First night I was anxious about missing the alarm and awoke several times in the night, pressing the bright, blue, back-light on my watch to check the time. One of these checks was a few minutes before the alarm and so I got up and started lighting lamps. It's amazing how clumsy one is at the start of a retreat, crashing about without a good economy of movement. And how that lack goes when one settles into the place, the routine and the mind. I could see lamps already going in the house. John was ready for the off.
Crack, crack, crack. Three strikes on the Han. Get up, you lot! We've got stuff to do! Shufflings, coughs, groans. Poor lambs. Some looked as though they hadn't slept. Exercises, tea, sitting, chanting, breakfast. Some of them had not slept at all. Time for some gentle rearrangement of bed spaces and distribution of earplugs and reassurance. No, really, you'll sleep better tonight. You'll be so tired that you'll just drop off. This said with fingers crossed that what worked for me might also work for them. Oh dear. I cared about these people. Was that right? How to attend to their stated needs without interfering in their process? And a workmaster to integrate with as well! That was novel. Actually it made things easier as there were fewer people asking for information; how to, where is, when shall, why?
Then there was 'my' retreat too. In the "Why am I here?" session, I had said that I had come to help out, that I loved the place and remembered things here and so on. But actually, I had picked this retreat for a purpose, even though that purpose only became manifest when I was on the ground, so to speak.
I had come to ride with Tibetan dragons.

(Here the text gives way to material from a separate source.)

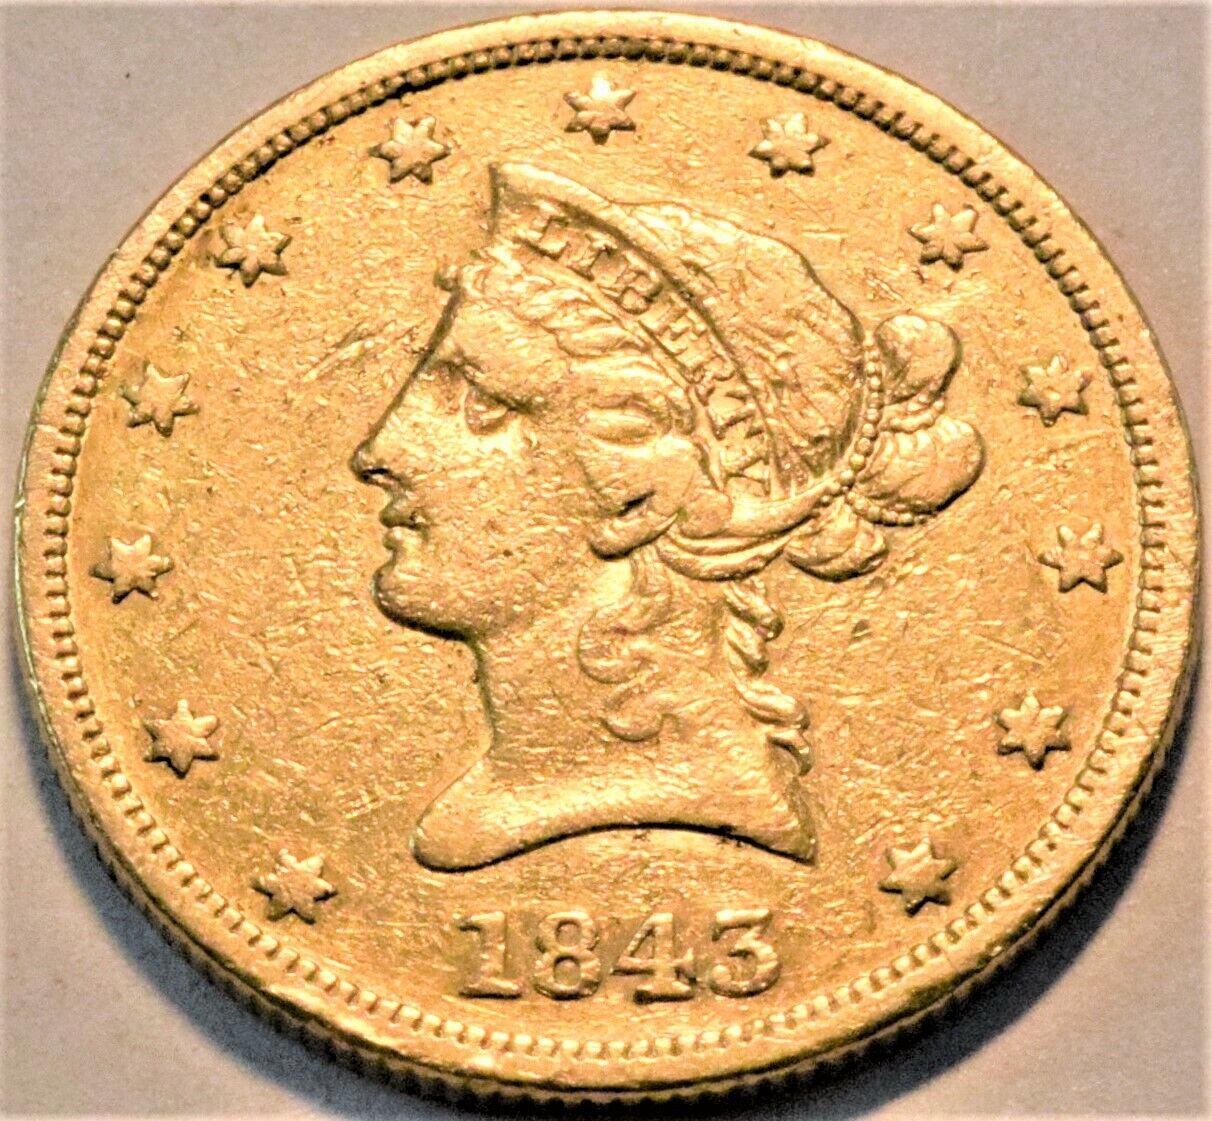 Now free shipping 1843 $10 Gold Liberty Eagle Better It is very popular Middle Det Date Early Grade

I didn't even know what that meant, but Maenllwyd has often held a sense of dragon-nature for me. If I rationalise it, I can probably attribute it to the hills, the wind, the fires and the smoke. But there is something more primeval about it than that. Some sense of what is beyond the usual sights, sounds and smells. Where even one's own insignificance disappears in the cavernous, smoky nostrils of "what is" in the face of the 10,000 things. Some ride!
So we started to go through Tipun's notes and do some mind calming. People settled into their jobs at various rates, some more easily than others. Some were fighting with their 'not wanting'. I was worried about the new axe handle coming away from the axe-head until one of the wood guys said that he'd trained as a chippy and handling axes was the first thing that they had learned. OK. I can leave it. Just let things take their course. Just let things take their course.

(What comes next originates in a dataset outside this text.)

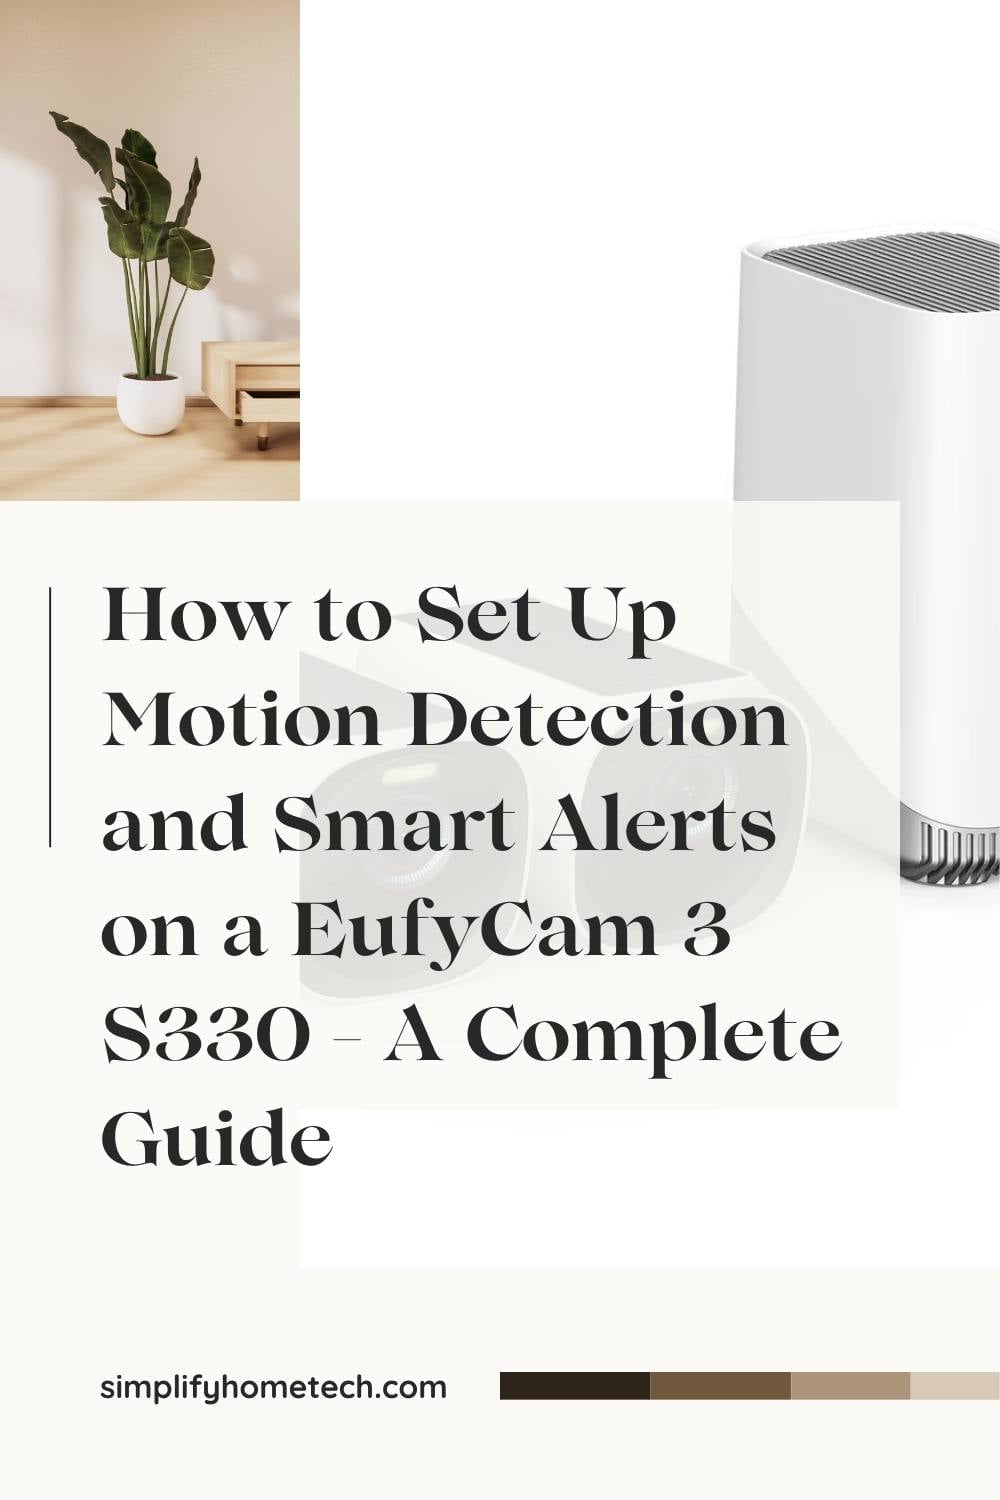 How to Set Up Motion Detection and Smart Alerts on a EufyCam 3 S330

On the first day's walk, I stood under a birch tree looking at the hundreds of fallen leaves. I wanted to weep. It was a representation of the vast numbers of fallen humanity. Fallen angels, all of us suffering together. Unfettered compassion. Look! This is how we are! The hills in the frozen winter sunlight, setting into pinks and violets against the greens, with an almost full, translucent moon. Compassion just "was", there. Pain, beauty, peace, cold, colours, just there regardless of whether anyone noticed.
It froze one night. The next day everything had that sparkly quality and looked different to its usual format. During that day's walk, I wandered down the lane to see whether the ditches had frozen. Near an icy cleft in the woods, I stood for a time and watched a small, brown, sparrow-like bird with a fluffed up grey breast and a white rump as it busily searched through leaf litter. It picked over each individually. It was focussed and industrious. Not that one, not that one. Nor that one. Looking, looking with attentive searching. It seemed like a metaphor for meditation. The sheep and birds seemed undeterred by my presence. Good. Perhaps I was treading more lightly on the earth, both in terms of my feet and my mental and emotional presence.

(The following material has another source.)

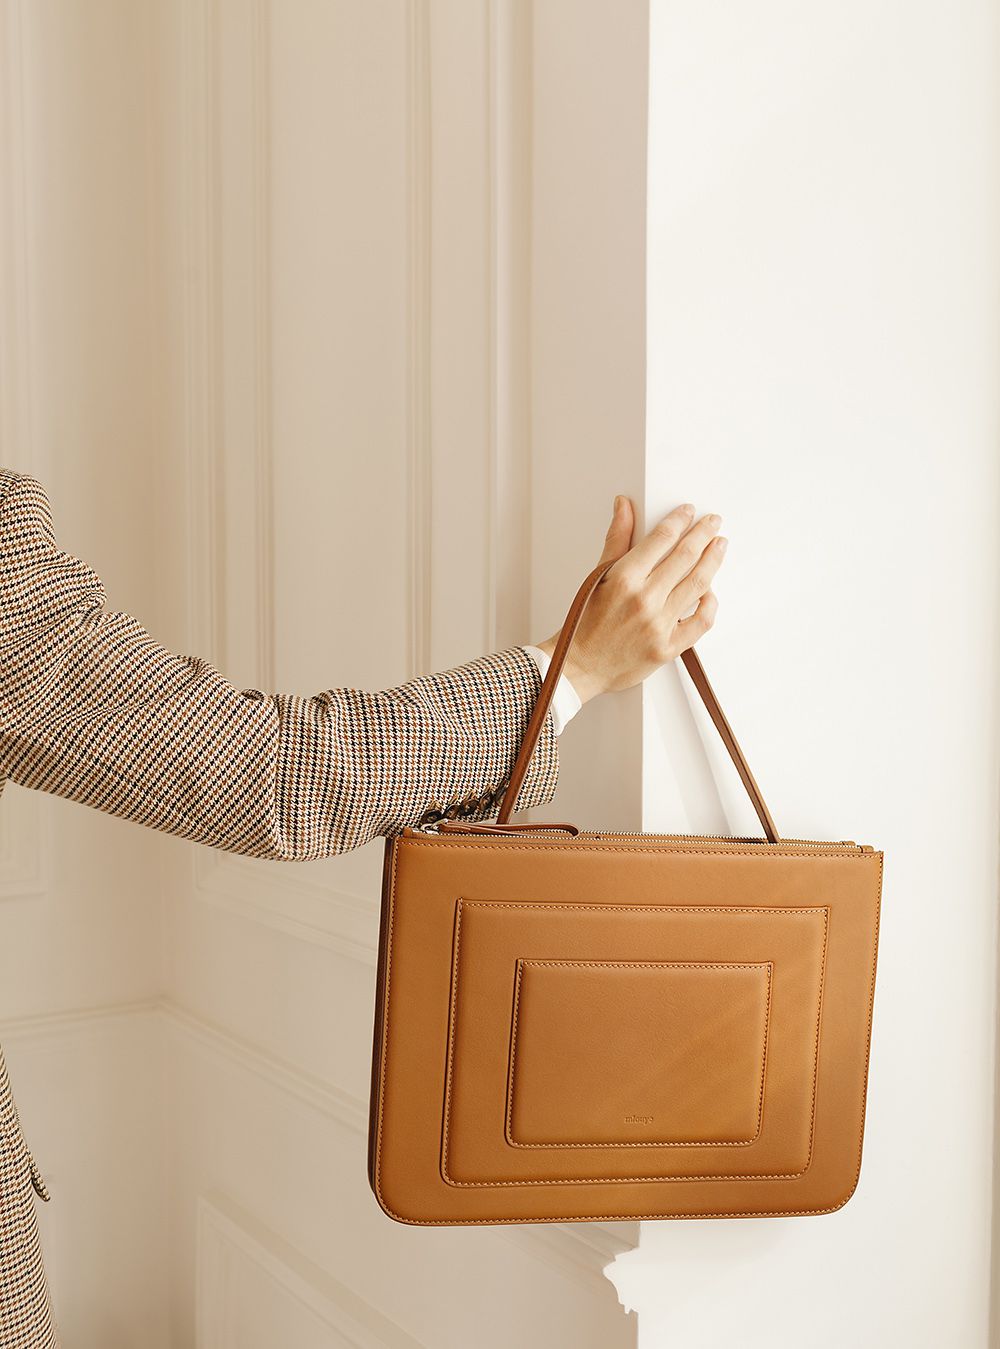 A campaign image for Mlouye purses

The visualisation was amazingly strong, as was the 9-step breathing. I could feel the movement of what? Something more than just attention. Something visceral. Third eye fizzing, buzzing, bubbling. And four armed Chenrezi so palpably present. Moving from thumbs to palms to beads to flower so easily. Where did these other arms come from? Or why had I never noticed them before?
On one walk I had some kind of blockage. How could I fit this Chenrezi into my heart? Even as the size of a drop of blood, when my heart is so full of attachment? I was missing someone badly. There was not exactly a sense of 'I'm not good enough', but more, 'Look how my life and the way I live it restricts how open I can be to the practice'. But Chenrezi as an archetype, is not limited by my physicality. What is impinged upon is my willingness to accept the archetype in the form of the representation. If I release, just let go and stop trying, stop controlling, then there is no resistance to the acceptance of that gentle smile on his face. Yes, of course we can merge. There is nothing to merge. There is only remembering. Of course there is non-judgemental acceptance and empathic relation to the joys and sufferings of all. Of course. How else could it be?
The landscape was achingly beautiful in the December winter sunlight. I was interested by John's talk when he mentioned Daido Loori's studies on the love of nature. Was the landscape at times, too perfect to look at? Was there too much love? Could such a state exist? Where was the open heart then? Perhaps that is 'holding on’ again. The heart, as metaphor, lets in and pumps straight out. No holding on. I watched two ravens cavorting in the air. They were flying in complete synchronicity. Twisting and turning, gaining and losing height, always absolutely together, watching, following, responding with motion. I was moved by the sight in a way that I find difficult to express. It was another metaphor, but it was more perfect than mere metaphor. Is this Dharma learning? This degree of closeness and response? This fusion of physicality and attentiveness? Is this what yab-yum thankas represent? Is this why one should be so careful of choosing a teacher?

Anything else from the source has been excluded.